# Juice



## bomb_r2 (Feb 28, 2018)

I am trying to eliminate pop from my diet. I am looking for the best juice or water that is not expensive . 
What do you drink?


----------



## PELLETHEAD (Feb 28, 2018)

I simply don?t buy soda for the house. If I have it, I?ll drink it. I buy 3-4 cases of water. Sometimes I will take  a water bottle empty a 1/4 of it out then put remaining 3/4 bottle in nutrabullet with 1/2 a whole lemon. Blend it up and pour it back into the water bottle. Sometimes 2-3 prep?d at a time. Healthy habits


Sent from my iPhone using Tapatalk


----------



## MindlessWork (Mar 1, 2018)

Water with Crystal Lite.


----------



## T Woods (Mar 2, 2018)

Water with NAC. F that pop and fruit juice it's all toxic sugar water. Sugar goes in, insulin goes up, growth hormone goes down...bad.


----------



## Kenny Croxdale (Mar 4, 2018)

bomb_r2 said:


> I am trying to eliminate pop from my diet. I am looking for the best juice...
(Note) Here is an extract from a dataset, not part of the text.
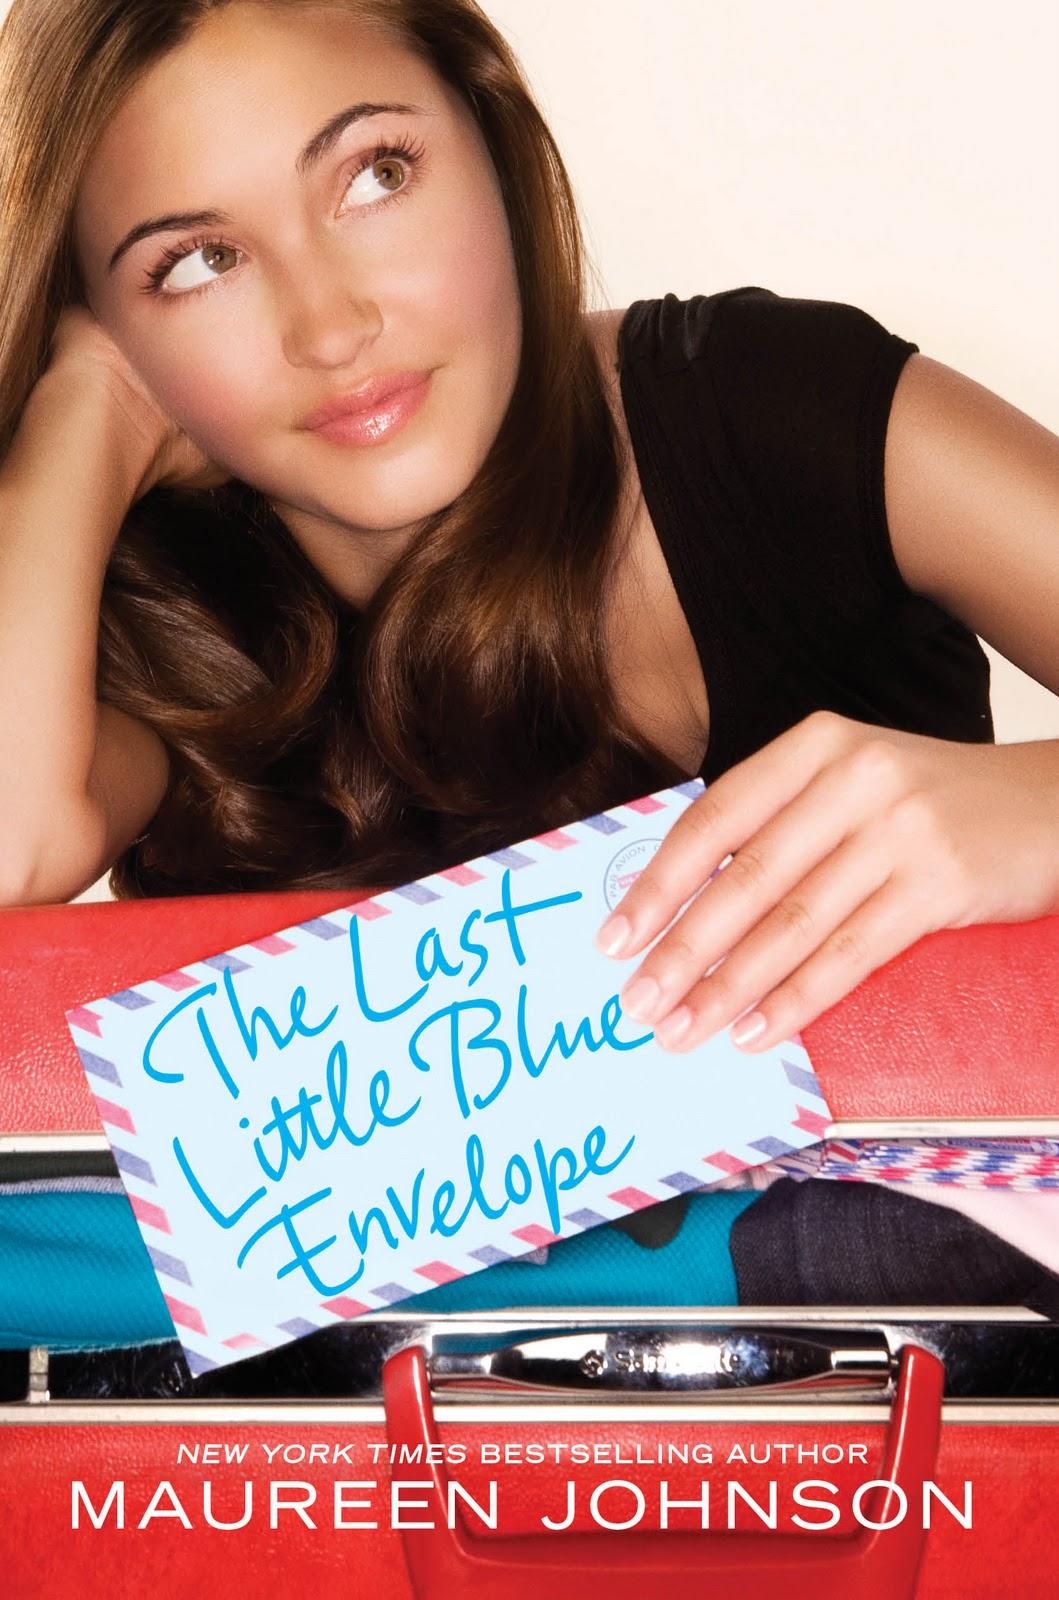 The Last Little Blue Envelope by Maureen Johnson (Audio)  Amazon  |  Goodreads

*Virtually, NO Difference*

There very little difference between high fructose corn syrup soda and fruit juice.  

Both contain sugar (Glucose and Fructose) almost the same percentages.

Thus, drinking juice is about the same as drinking a soda.

Kenny Croxdale


----------



## Beatguts (Mar 5, 2018)

As pellethead mentioned, juice contains just as much and some times even more sugar than soda. Crystal lite is a better alternative, although you should still be weary of fake sugar alternatives. Some adverse effects are similar to that of sugar and some are even worse. Easier/better to just not drink it at all!


----------



## bomb_r2 (Mar 5, 2018)

All those fake sugar alternatives give me migraines . I do not drink anything diet .


----------



## BadGas (Mar 5, 2018)

I've never seen someone new start so many new threads before.. about such a wide variety of topics. 

Now this thread alone .. reminds me of a post made another member on one of your previous threads.. advising you to be more serious or people here aren't going to take you serious. 

I find it hard to take your question (below) serious.. Where to find inexpensive water??? Last time I checked tap water is inexpensive.. 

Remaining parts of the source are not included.